= Fred Wyshak =

American federal prosecutor

Fred M. Wyshak Jr. (born November 22, 1952) is an American retired federal prosecutor who served as an Assistant United States Attorney in the District of Massachusetts for over three decades. Wyshak became one of the most prominent organized crime prosecutors in the United States, leading efforts that dismantled the Winter Hill Gang and exposed systemic corruption within the Federal Bureau of Investigation's Boston field office. He is best known for his role in the prosecution of James "Whitey" Bulger, the notorious Boston crime boss who evaded capture for sixteen years after Wyshak's 1995 racketeering indictment, before ultimately being convicted of racketeering and murder in 2013. Wyshak also successfully prosecuted Bulger's associates Stephen "The Rifleman" Flemmi and Francis "Cadillac Frank" Salemme, as well as corrupt FBI agent John Connolly. Later in his career, Wyshak served as chief of the Public Corruption and Special Prosecutions Unit and led the landmark prosecution of Insys Therapeutics, securing the first convictions of top pharmaceutical executives for crimes related to the opioid crisis.  He retired from the U.S. Attorney's Office in February 2021.

== Early life and education ==
Wyshak was born in 1952. He attended New York University for his undergraduate degree and St. John's University for law school graduating in 1978. He began his career as an Assistant District Attorney in New York City. After serving as an Assistant United States Attorney in New Jersey, he transitioned to Boston in 1989, where he would work until his retirement in 2021.

== Career ==
Wyshak's 32 years in the Massachusetts U.S. Attorney's Office were divided between mobster-related cases (most notably Bulger) during the first portion of his career and then public corruption related cases during the second portion.

=== Winter Hill Gang ===
When Wyshak began working at the Office, the Boston Organized Crime Task Force had recently struck a significant victory against La Cosa Nostra in Boston and Rhode Island by recording a mafia initiation ceremony. Over 20 members were arrested. However, the Office had not made nearly as much progress prosecuting the Boston Irish Mafia, led by Bulger and his Winter Hill Gang. This was due in large part to corruption within the Boston FBI, in particular FBI agent John Connolly's close relationship with Bulger. Wyshak placed a significant focus on the Winter Hill Gang and spent six years investigating and prosecuting various members and associates of that organization, which ultimately culminated in indictments of Bulger, Flemmi, and Salemme in 1995. Bulger fled, Salemme accepted a plea deal in exchange for cooperation, and Flemmi was eventually sentenced to life in prison.
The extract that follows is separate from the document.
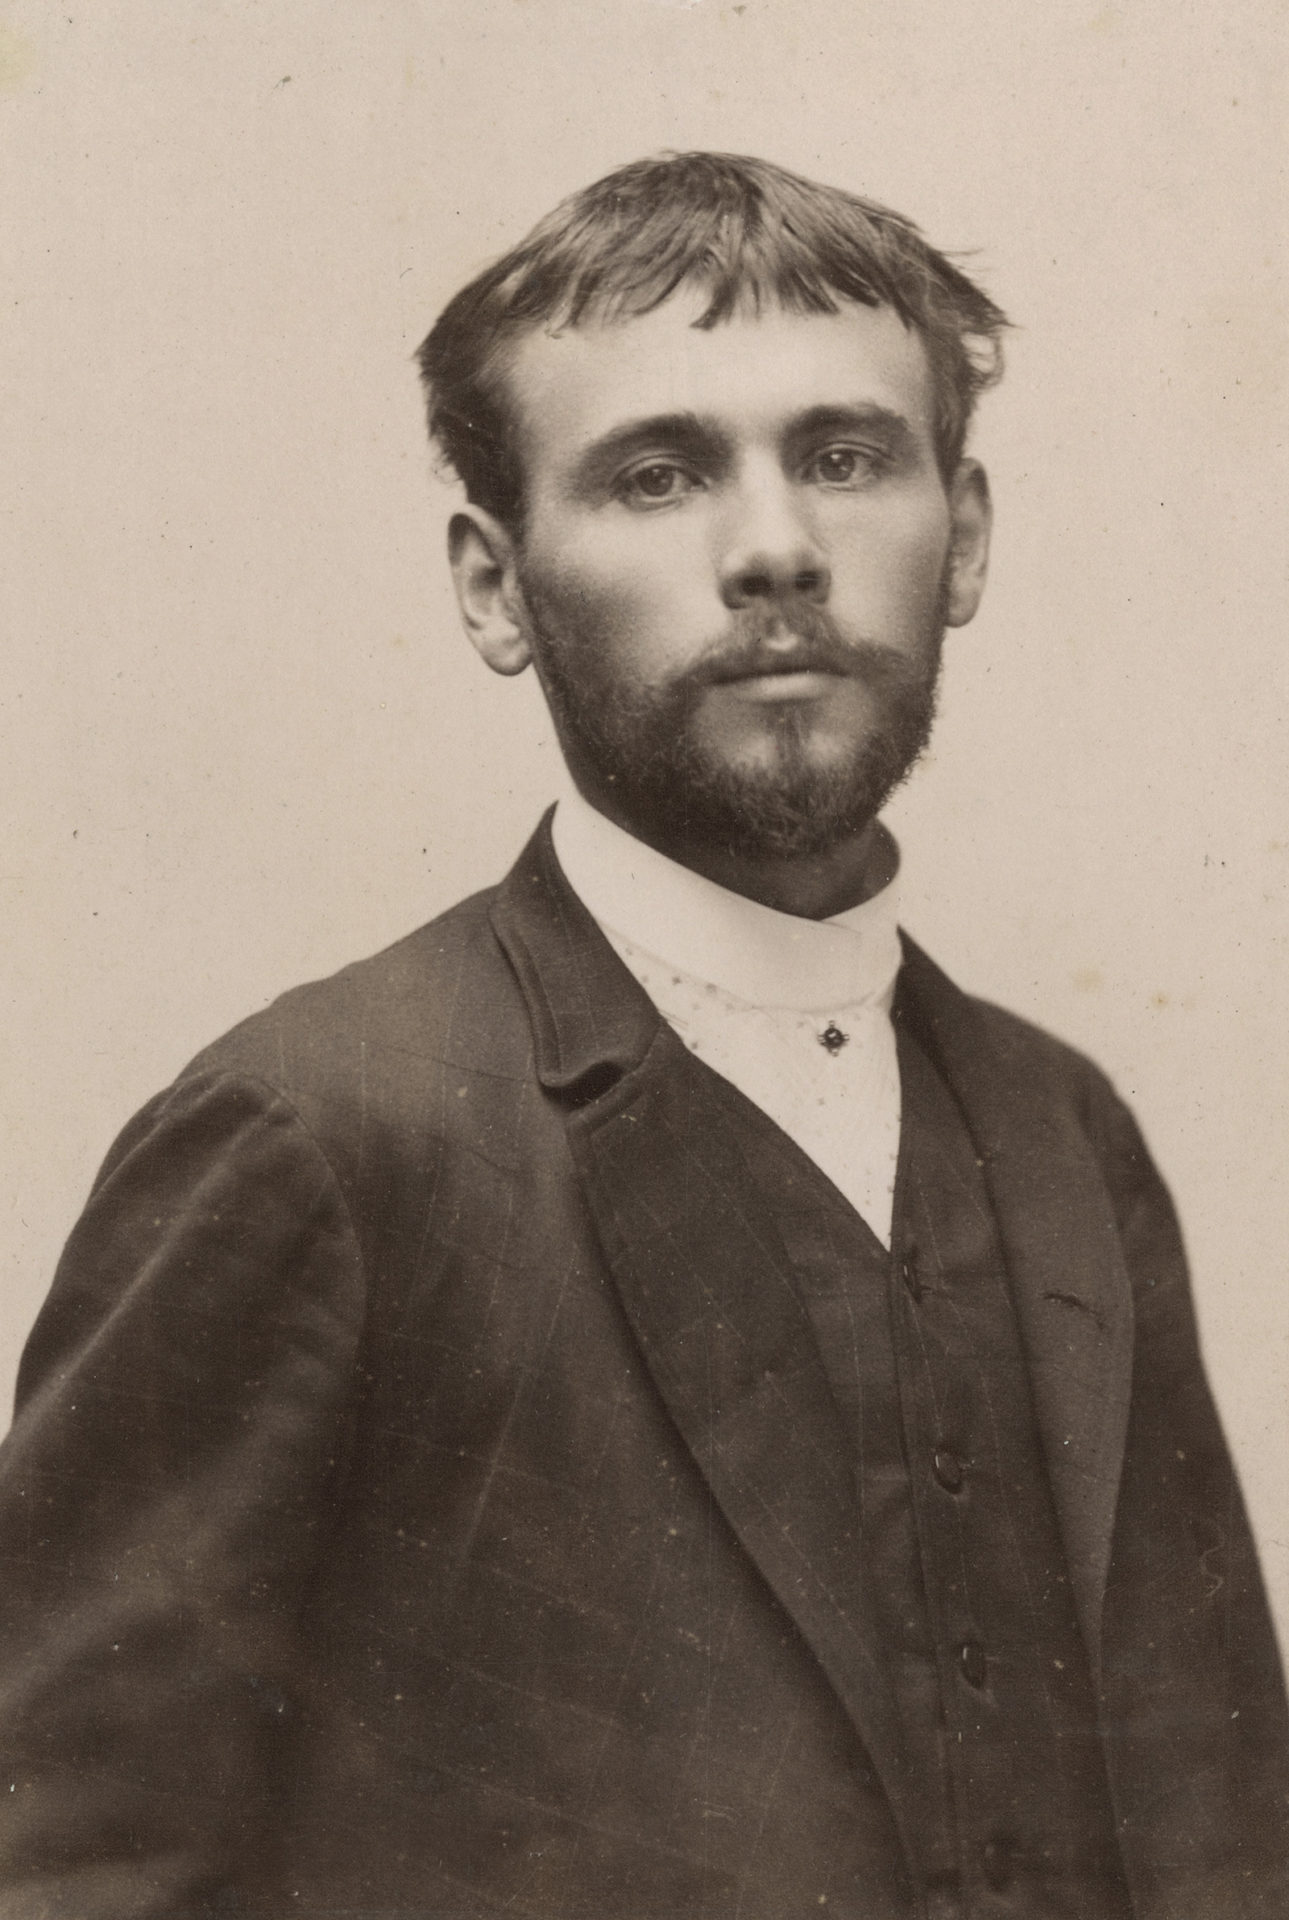 Which photograph shows Gustav Klimt?

=== John Connolly prosecution ===
In 2005, Connolly was indicted in Florida for the 1980s murders of John B. Callahan and Roger Wheeler by Bulger associates. Connolly stood trial in 2008 in state court in Miami, Florida. Connolly was prosecuted in part by Wyshak. This unusual arrangement required Wyshak to be cross designated as a states attorney for Florida. Callahan was actually murdered by John Martorano, who left the corpse in the trunk of a Cadillac in a Miami International Airport parking lot, but the jury found it was done based on information provided by Connolly. Connelly was convicted and sentenced to 40 years in prison.

=== Whitey Bulger prosecution ===
Bulger was found in 2011 and prosecuted in 2013 by Wyshak, AUSA Brian Kelly, and AUSA Zachery Hafer. He received a life sentence. Boston Globe reporter Dick Lehr, who chronicled much of this entire saga in his book Black Mass, stated regarding Wyshak, "He has steamrolled organized crime, the Italian and the Irish mob - with help, but he was the centrifugal force. Who knows if not for him what it would look like today, the landscape." Wyshak reported that at times he had to have police protection due to threats on his life.
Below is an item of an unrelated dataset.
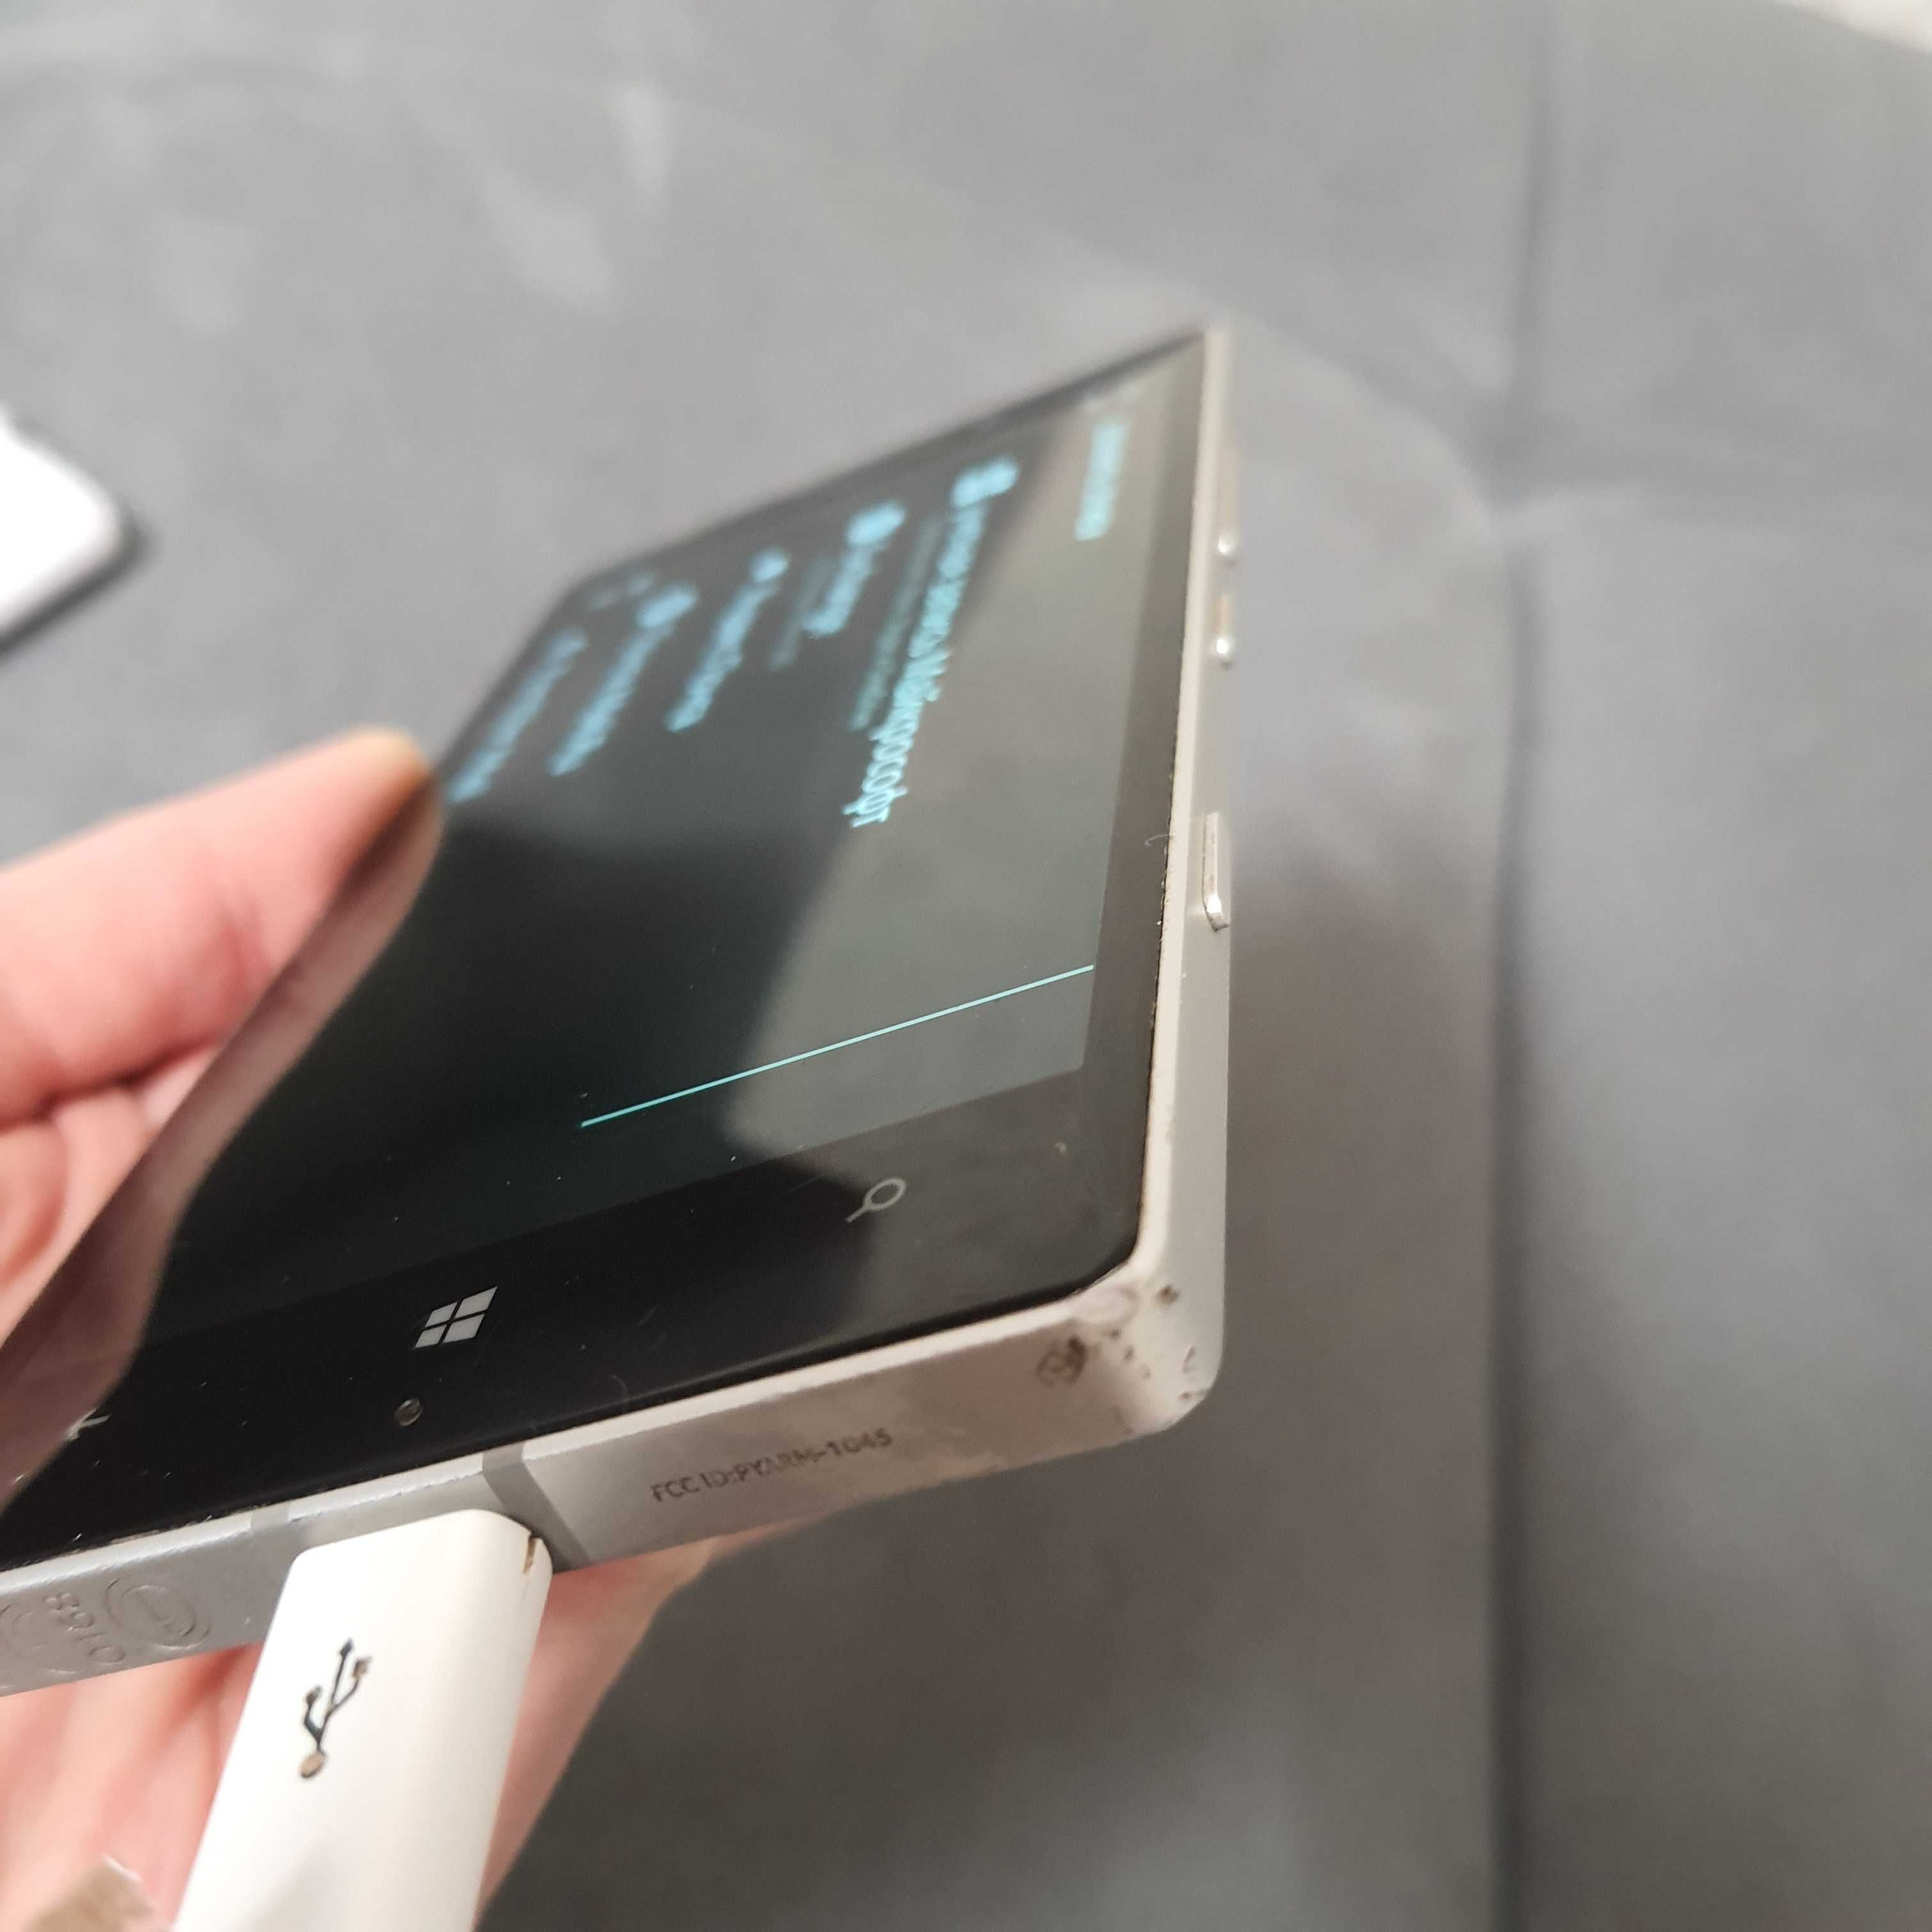 Смартфон Nokia lumia 930 white есть нюансы

=== Public corruption prosecutions ===
Wyshak focused in later years on public corruption in Boston. He prosecuted cases arising out of the Big Dig construction project. He prosecuted the wife of Congressman John Tierney as part of a larger prosecution related to offshore gambling. He led the prosecution of John O'Brien who was Commissioner of the Massachusetts Probation Service for corruption related to hiring employees. The First Circuit overturned the convictions. Finally, Wyshak led the prosecution of Insys Therapeutics' executives for racketeering conspiracy for bribing doctors to prescribe opioids either at unnecessarily high dosages or to patients that did not need it.

When Wyshak retired, he told the Boston Globe, "I'm so sick of being a lawyer. I have no desire to practice law, and I could never be a defense attorney. I want to enjoy life. I'm going to sit on the beach and drink martinis."

== Popular culture ==
Wyshak is portrayed in the 2015 major motion picture Black Mass, in which he is played by Corey Stoll.